Public-sector and private-sector risk
A lot of people are savvy enough about investment to understand that having a private account doesn't mean being a helpless victim to the mysterious, tidal-wave motions of the stock market. There is a wide array of assets and financial instruments, with varying returns, risk and liquidity. Stocks are lucrative and risky. Some stocks are riskier than others. A diversified portfolio is less risky. Bonds are generally less risky than stocks, since the issuer must redeem them unless they go bankrupt. T-bills are traditionally considered zero-risk, but have a low rate of return. Junk bonds pay more, but with higher risk attached. Bank accounts are zero-risk and highly liquid but pay little or no return. Owners of a Social Security private accounts would choose higher-risk investments early on, shift towards lower-risk investments later, and annuitize the whole portfolio upon retirement. If you don't mind risk you can get a higher return, but you can make the risk pretty low if you want. Still, wouldn't you be even safer with a government guarantee?
And this is where people go wrong. Even though one's retirement security is the ultimate long-run investment, people fail to take the long-run view with respect to the government’s ability to commit.

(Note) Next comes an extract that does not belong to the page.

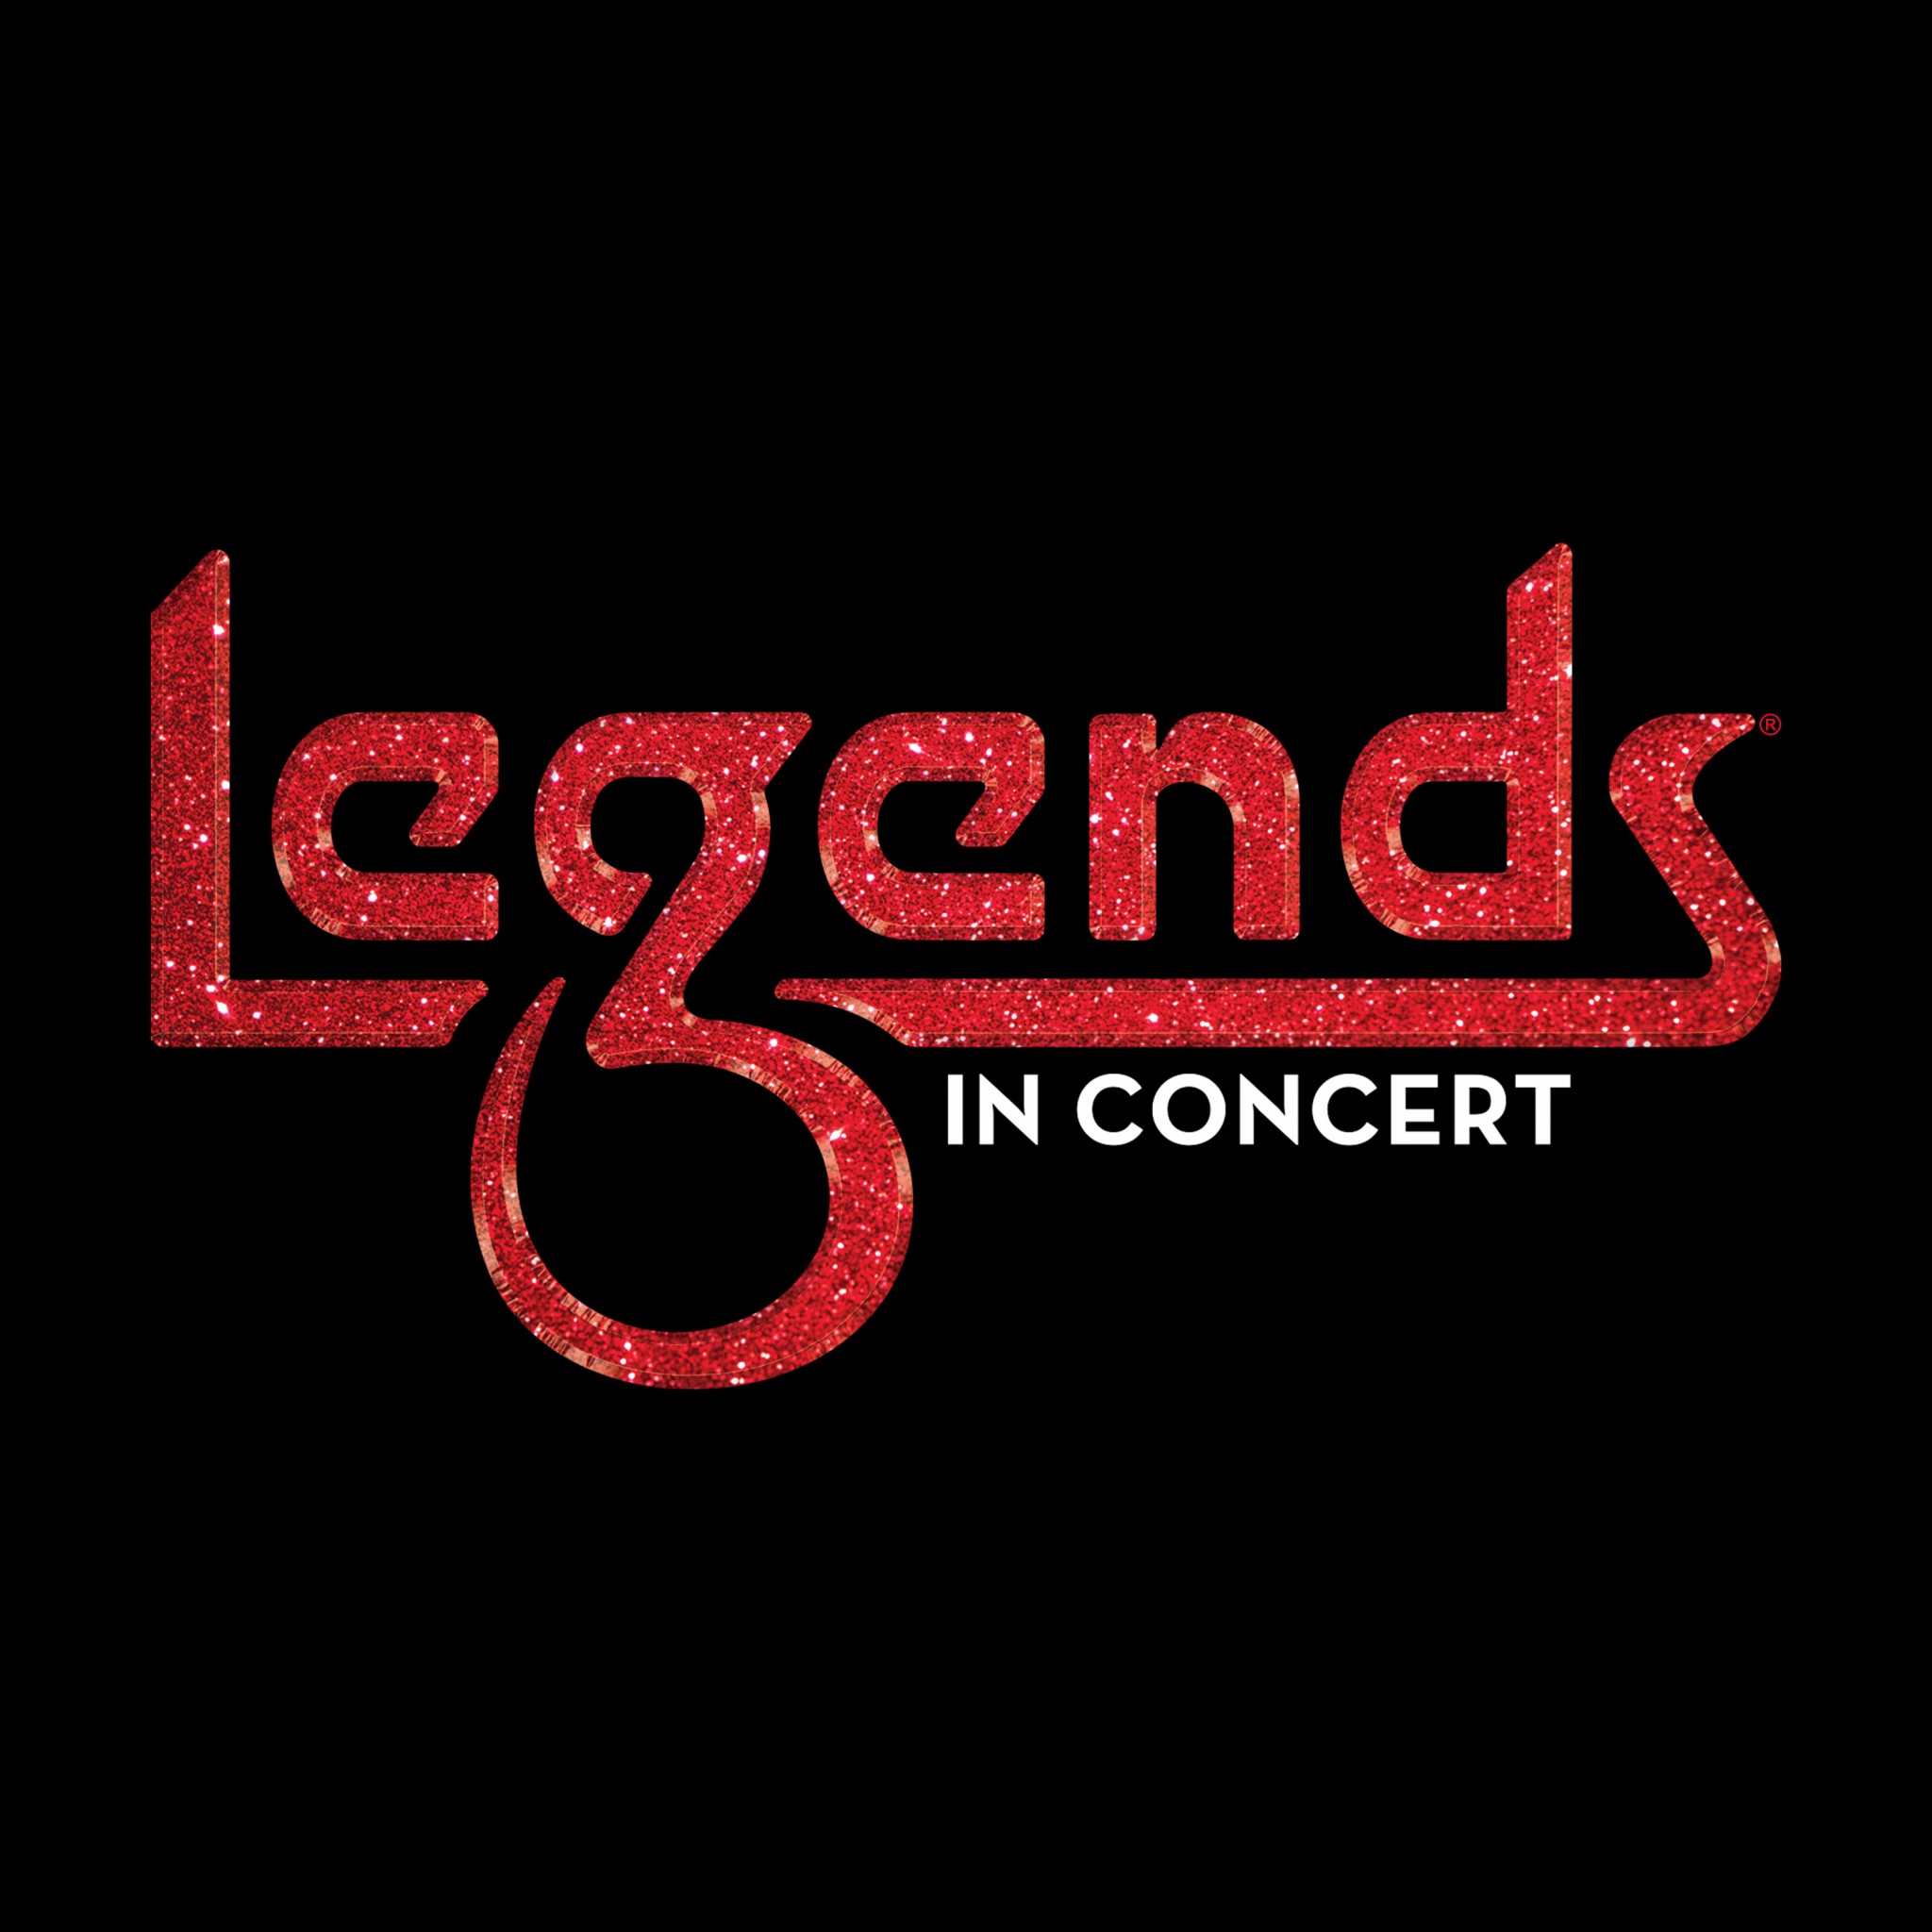 "Legends in Concert" Opens Monday At New Home VegasChanges

Those who think Social Security can provide social security should learn a lesson from welfare reform. Time was, when millions of single mothers in America (and others, but they were the biggest group) thought they could live indefinitely off the government's largesse, with no need to get a job. Then welfare became unpopular, and suddenly in 1996 AFDC was phased out and replaced with Temporary Assistance for Needy Families, which came with a five-year time limit attached. They were in a jam. If you think that can't happen to Social Security, bear in mind that very few people would have anticipated in the 1960s that the welfare state would get rolled back—all the trends then suggested it would keep growing. Social Security benefits may be untouchable now. But there's no reason to expect the political equation to hold. People over 65 will always be a minority, so an anti-Social Security majority is always a possibility. Indeed, many elderly have other resources and do not rely heavily on Social Security. If Social Security becomes stigmatized, as welfare became in the 1980s, the better-off elderly may be willing to part with it. In the political arena, there is a lot of randomness: this sex scandal or that unappealing smirk can tip elections and trigger political avalanches. And the winds and currents of popular sentiment are always washing away political consensuses and washing up new ones. The political tables could turn on Social Security in two or three election cycles, easy.
As the Social Security program approaches bankruptcy, Social Security will become the latest incarnation of Orwell's insight that government ministries usually achieve the opposite of what their names suggest, so that their labels routinely turn into euphemisms within a generation or two. The market made the workers better off than the "workers' state" ever did. A Polish labor union triggered the collapse of communism. The market provides for people's welfare better than the "welfare" system. To be on welfare meant you were not faring well. Social Security, in turn, is about to become a major source of social insecurity, for millions of people contemplating retirement.
People in the Soviet Union, Argentina and dozens of other countries worldwide have watched their governments have to break financially unsustainable promises. When the ground was washed out from under their feet, they had a long way to fall. Current trends suggest that will happen to us. If we want to stay afloat, we need to build the ship of Social Security private accounts and set out on the sea of the market.